The 71 are 'species-in-waiting'. They aren't formally named and described, but specialists like myself can refer to the images and data for identifying new specimens, building morphological and biogeographical hypotheses, and widening awareness of diversity in the group to which the 71 belong.

'Time and workload permitting'. Many of the 71 are poor-quality or fragmented museum specimens from which important morphological data, let alone sequences, cannot be obtained. Fresh specimens are needed, and fieldwork is neither quick nor easy. In my special corner of zoology, as in most such corners in zoology and botany, the widespread and abundant species are all, or nearly all, named. The unnamed rump consists of a huge diversity of geographically restricted and uncommon species. There are more than 71 in that group of mine; those are just the rare species I know about, so far.

'Time and workload permitting'. A non-taxonomist might ask, 'Why don't you just name and describe the 71 briefly, so that the names are at least available, and the gap between what's known and what's named is narrowed?' The answer is simple: inadequate descriptions are the bane of taxonomy. There are hundreds of species in my special group that were named and inadequately described long ago, and which wind up on checklists of names as 'nomen dubium' and 'incertae sedis'. Clearing up the mysteries means locating the types (which hopefully still exist) and studying them. That slow and tedious study would better have been done by the first describer.

Cybertaxonomic tools can help bring dimly lit taxa into full light, but not much. The rate-limiting steps in lighting up taxa are in the minds and lives of human taxonomists coping with the huge and bewilderingly complex diversity of life. It's not the tools used after the observing and thinking is done, it's the observing and thinking.

In their article 'Ramping up biodiversity discovery via online quantum contributions' (http://dx.doi.org/10.1016/j.tree.2011.10.010), Maddison et al. argue that the pace of naming and description can be increased if information about what I've called dimly lit taxa is publicly posted, piece by piece, 'publish as you go', on the Internet. In my case, I would upload images and data for my 71 'species-in-waiting' to suitable sites and make them freely available.

Excited by these discoveries, amateurs and professionals would rush to search for fresh specimens. Specialists would drop whatever else they were doing, borrow the existing specimens of the 71 from their repositories and do careful inventories of the morphological features I haven't documented. Aroused from their humdrum phylogenetic analyses of other organisms, molecular phylogeny labs would apply for extra funding to work on my 71 dimly lit taxa. In no time at all, a proud team of amateurs and specialists would be publishing the results of their collaboration, with 71 names and descriptions.

Shortly afterwards, flocks of pigs would slowly circle the 71 type localities, flapping their wings in unison.

Memo to Maddison et al. and other would-be reformers: the rate of taxonomic discovery and documentation is very largely constrained by the supply of taxonomists. You want more names, find more namers.

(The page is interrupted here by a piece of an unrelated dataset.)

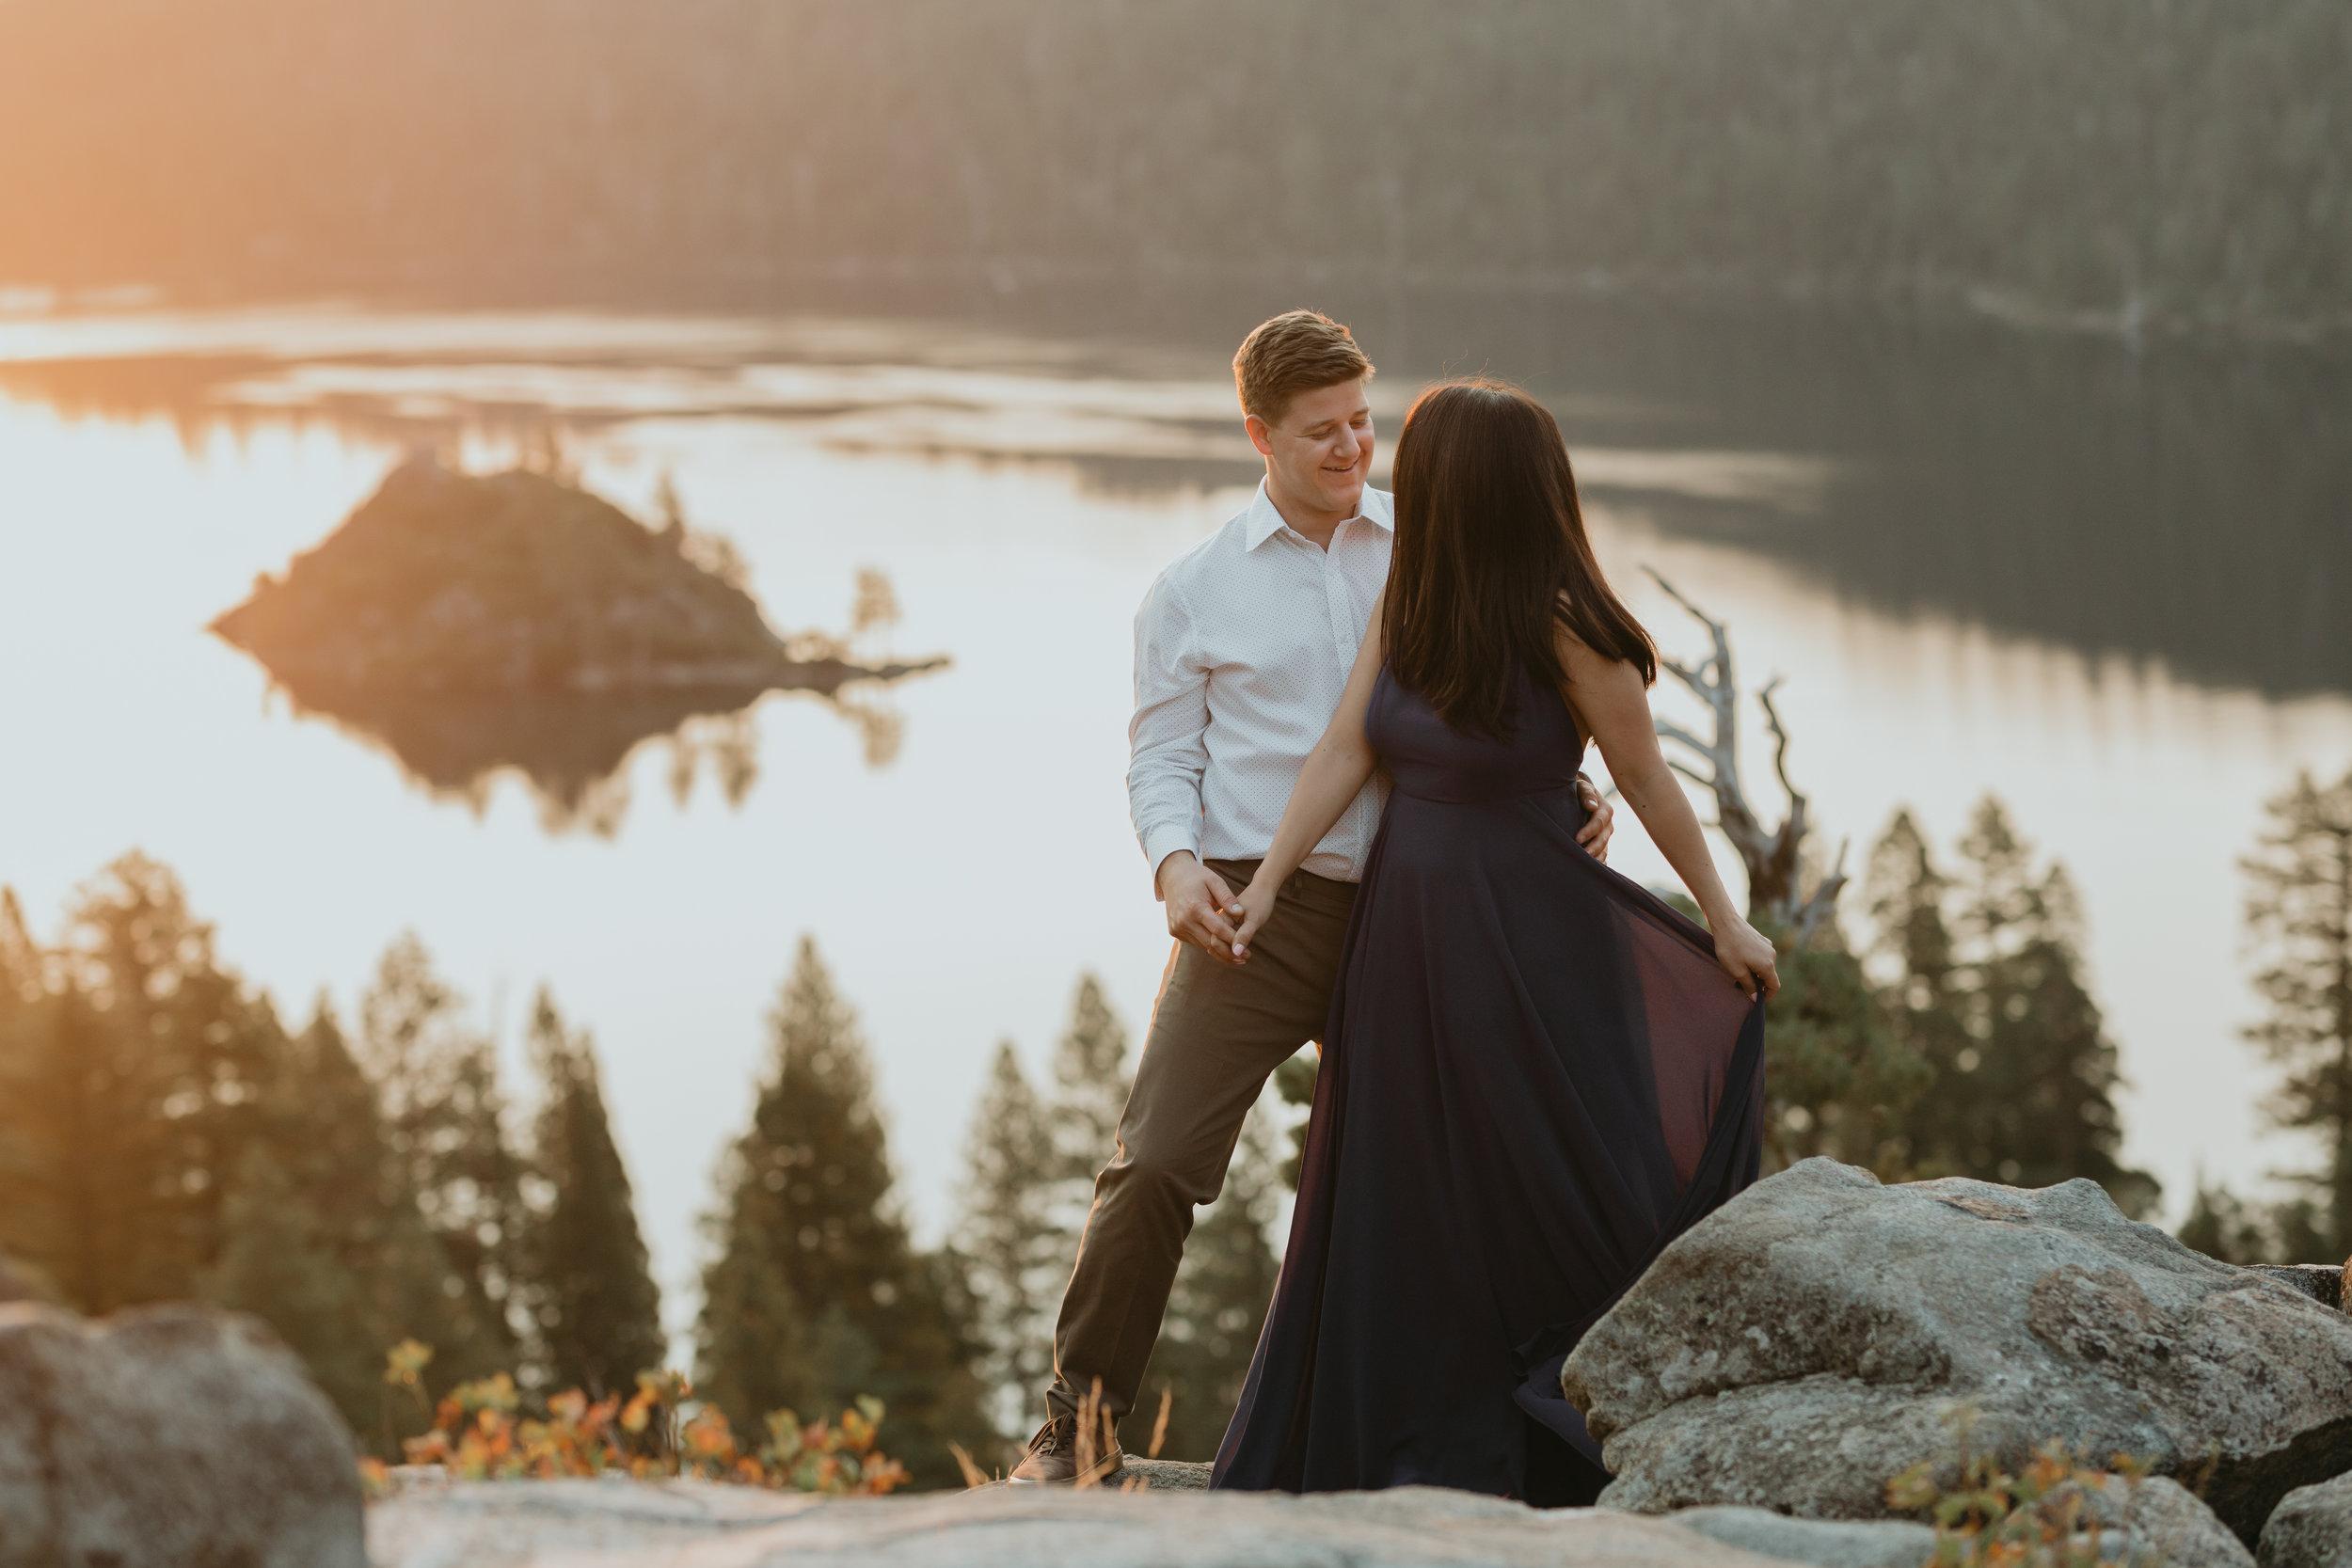 nicole-daacke-photography-lake-tahoe-sunrise-summer-adventure-engagement-photos-nevada-wedding-elopement-photographer-golden-emerald-bay-light-pine-trees-summer-vibe-fun-carefree-authentic-love-16.jpg

Citations, Social Media & Science

Quick note that Morgan Jackson (@BioInFocus) has written nice blog post Citations, Social Media & Science inspired by the fact that the following paper:

Kwong, S., Srivathsan, A., & Meier, R. (2012). An update on DNA barcoding: low species coverage and numerous unidentified sequences. Cladistics, no–no. doi:10.1111/j.1096-0031.2012.00408.x

cites my "Dark taxa" in the body of the text but not in the list of literature cited. This prompted some discussion of DOIs and blog posts on Twitter:



Read Morgan's post for more on this topic. While I personally would prefer to see my blog posts properly cited in papers like doi:10.1111/j.1096-0031.2012.00408.x, I suspect the authors did what they could given current conventions (blogs lack DOIs, are treated differently from papers, and many publishers cite URLs in the text, not the list of references cited). If we can provide DOIs (ideally from CrossRef so we become part of the regular citation network), suitable archiving, and — most importantly — content that people consider worthy of citation then perhaps this practice will change.